The UNDP Regional Dialogue was not an endpoint but a milestone in RFLD’s ongoing commitment to ensuring African women’s digital rights and safety. Since our founding on January 1, 2012, we have worked to strengthen communities and advance gender justice, human rights, and civic spaces across sub-Saharan Africa. Digital environments are now central to all these areas—civic spaces are increasingly digital, gender justice requires digital safety, and human rights include digital rights.
As we move forward from this important dialogue, RFLD commits to:
Continuing and expanding our digital security training for young women and women human rights defenders across our networks.
Intensifying our advocacy with governments, regional bodies, and international institutions for comprehensive legal frameworks and platform accountability.
Strengthening our coalitions with sister organizations across Africa working on digital rights, women’s rights, and freedom of expression.
Supporting survivors through our sub-grants program and partnerships with legal aid and psychosocial support providers.
Building evidence through documentation and research on digital violence patterns, impacts, and effective responses in African contexts.
Amplifying young women’s voices in policy discussions and ensuring that those most affected by digital violence shape the solutions.
Developing innovative approaches to digital literacy, online organizing, and safe platform alternatives that center African women’s needs and values.
Holding all stakeholders accountable for their commitments to ending digital violence against women and girls.
We close with an invitation to solidarity. Ending digital violence against African women and girls requires all of us—organizations, activists, governments, platforms, donors, researchers, journalists, artists, and the millions of African women and allies who believe that another digital world is possible.
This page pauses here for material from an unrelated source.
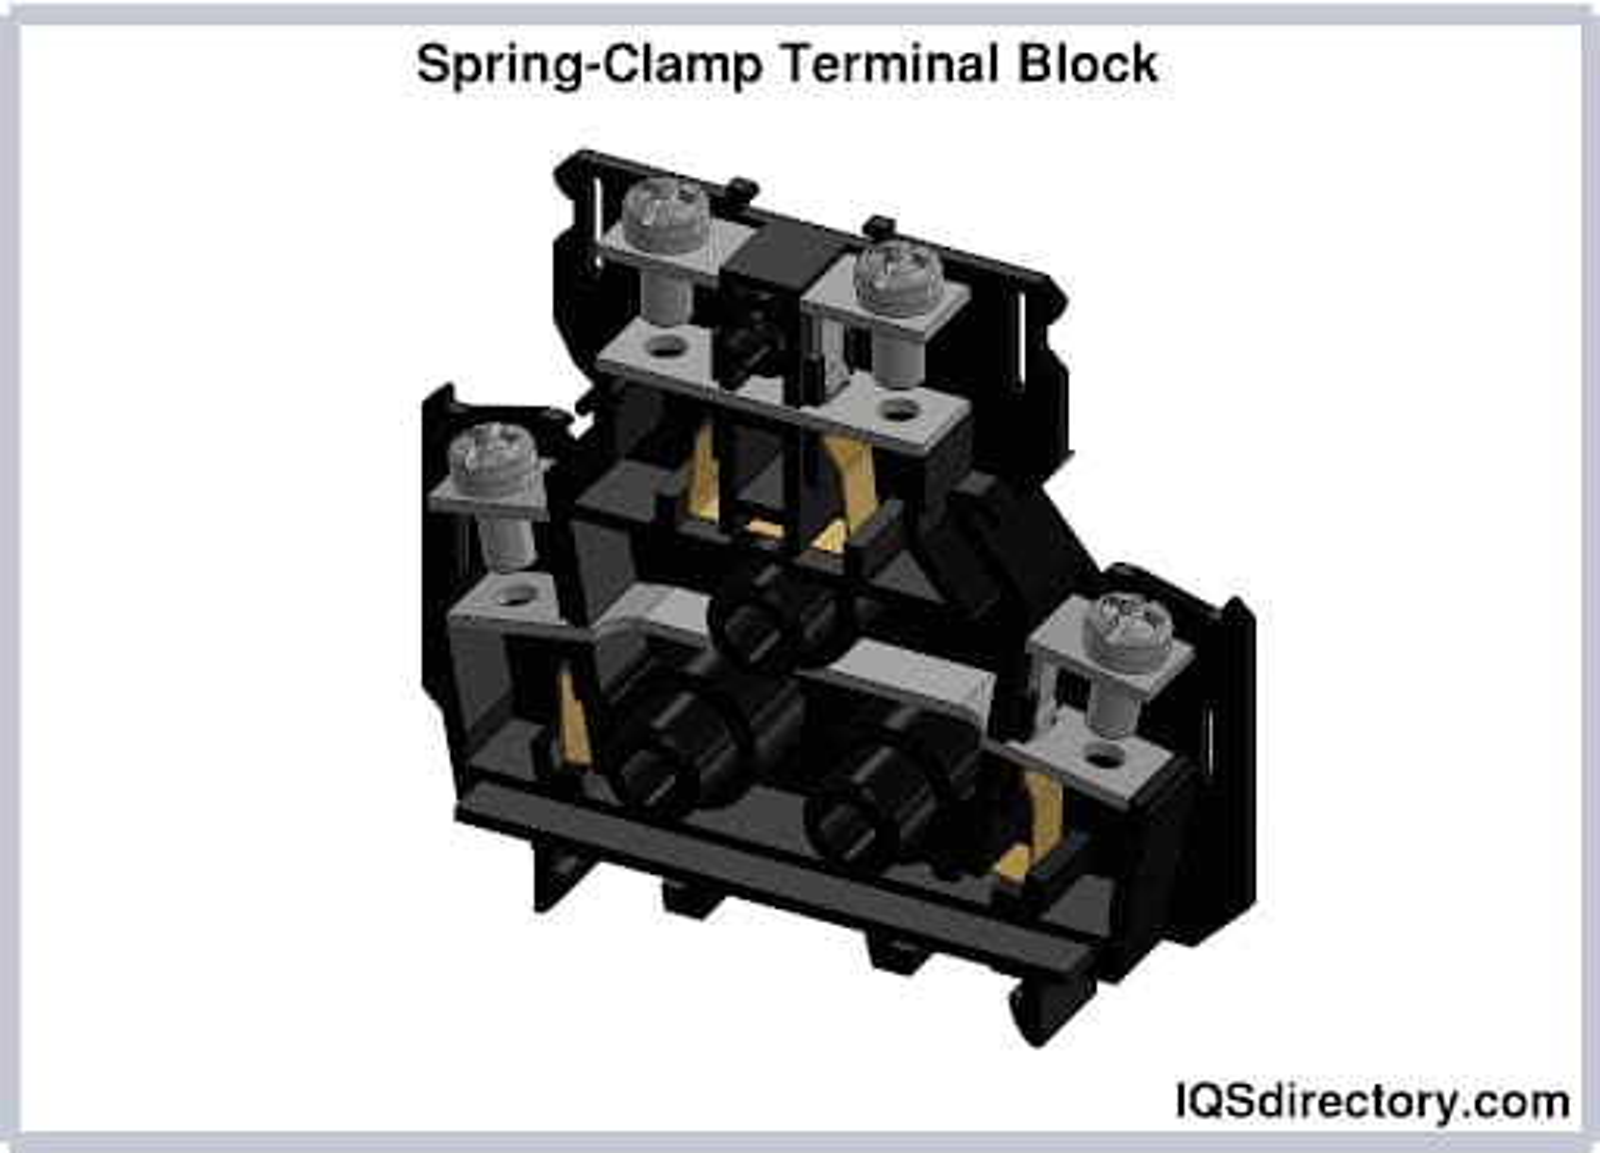 Spring-Clamp Terminal Block
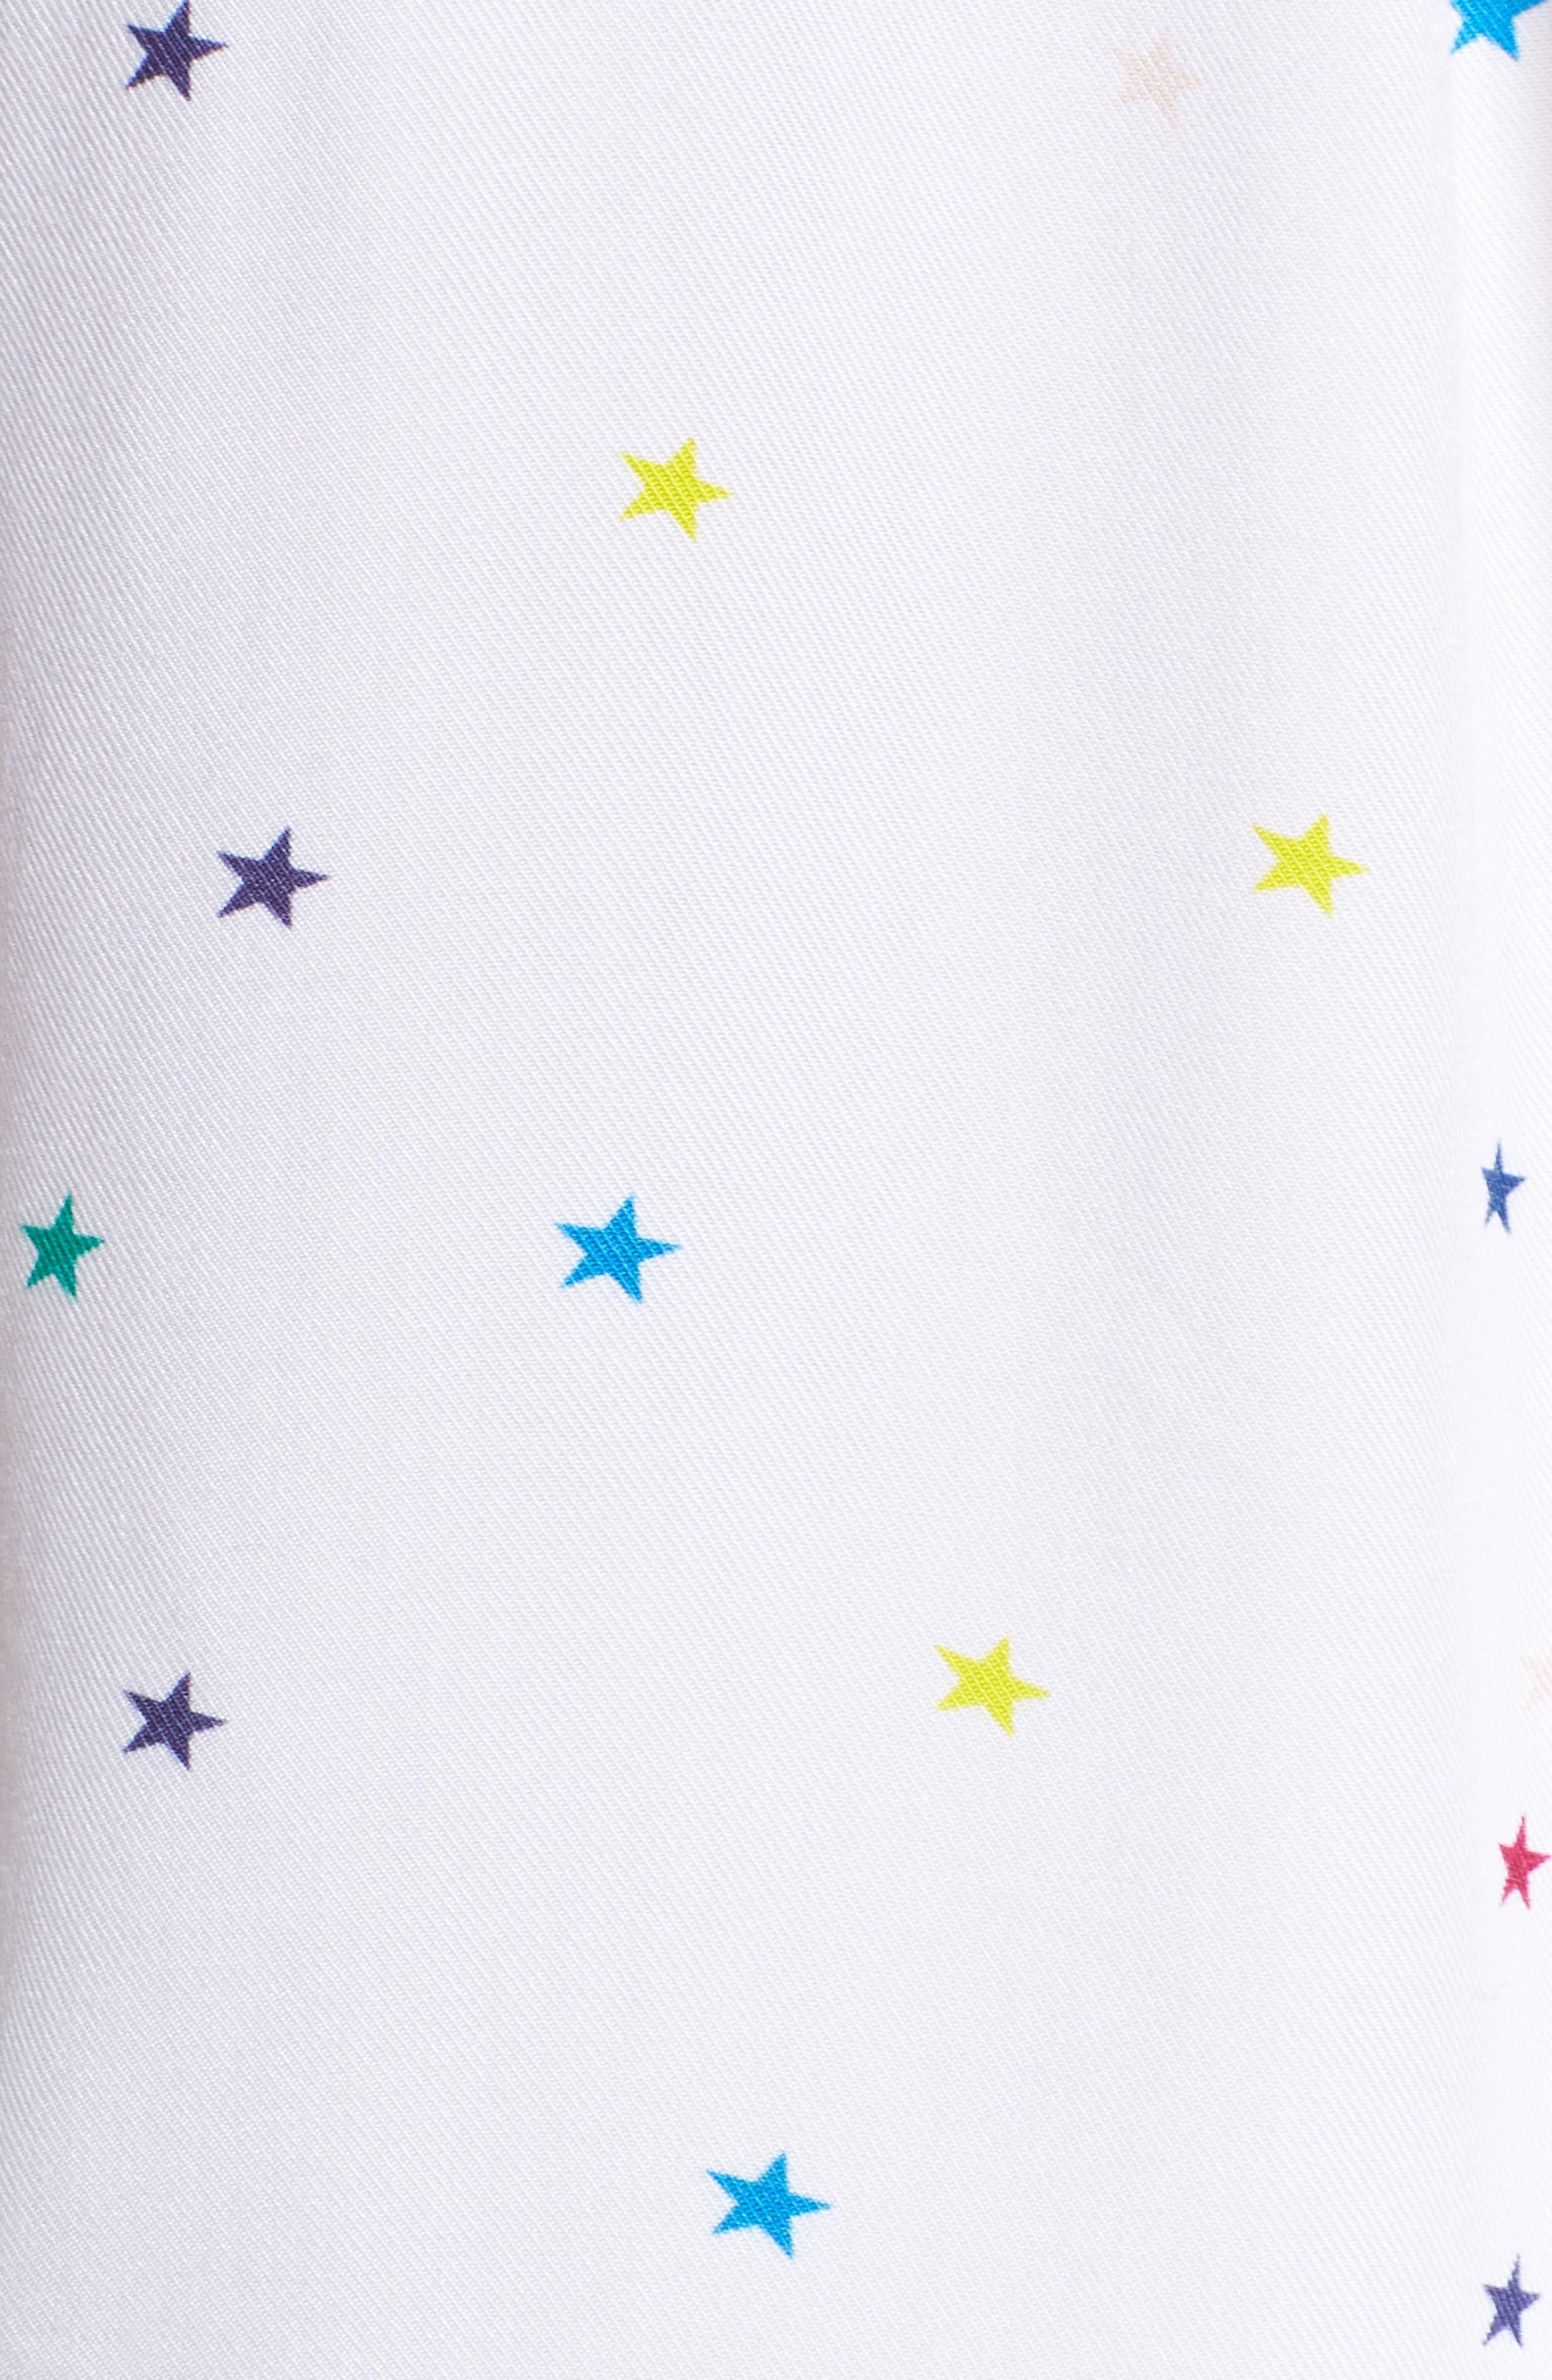 Star Print Short Pajamas,                             Alternate thumbnail 6, color,                             Rainbow Stars On White

If you are a young woman or girl facing digital violence, know that you are not alone and it is not your fault. Organizations like RFLD and our partners are here to support you. If you are an activist or organization working on these issues, reach out to us for partnership, coalition building, and mutual support. If you are a donor or funder, invest in African women’s digital rights organizations with flexible, long-term, and survivor-centered funding. If you are a policymaker, consult with and genuinely listen to feminist organizations as you develop digital policies. If you are a platform employee, use your position to advocate for better protection of African women users. If you are a journalist, report on digital violence with sensitivity and accuracy that centers survivors’ voices while avoiding sensationalism.
Together, we can build the digital spaces our daughters deserve—spaces where they can learn without harassment, work without threats, organize without surveillance, create without violation, and lead without punishment. This is not just a dream; it is a commitment, a strategy, and an achievable future.
The future is feminist. The future is African. The future is digital. And the future begins with ending digital violence now.
RFLD
Founded in 2012, the Réseau des Femmes Leaders pour le Développement (RFLD), the African Feminist Hub is a pan-African organization based in West Africa, representing thousands of women human rights defenders across sub-Saharan Africa. We strengthen communities and advance gender justice, human rights, and civic spaces through seven integrated programs: civil society strengthening, individual and community empowerment, women’s rights promotion, civil liberties protection, digital/civic/media environment reinforcement, sub-grants for gender justice, and organizational capacity building.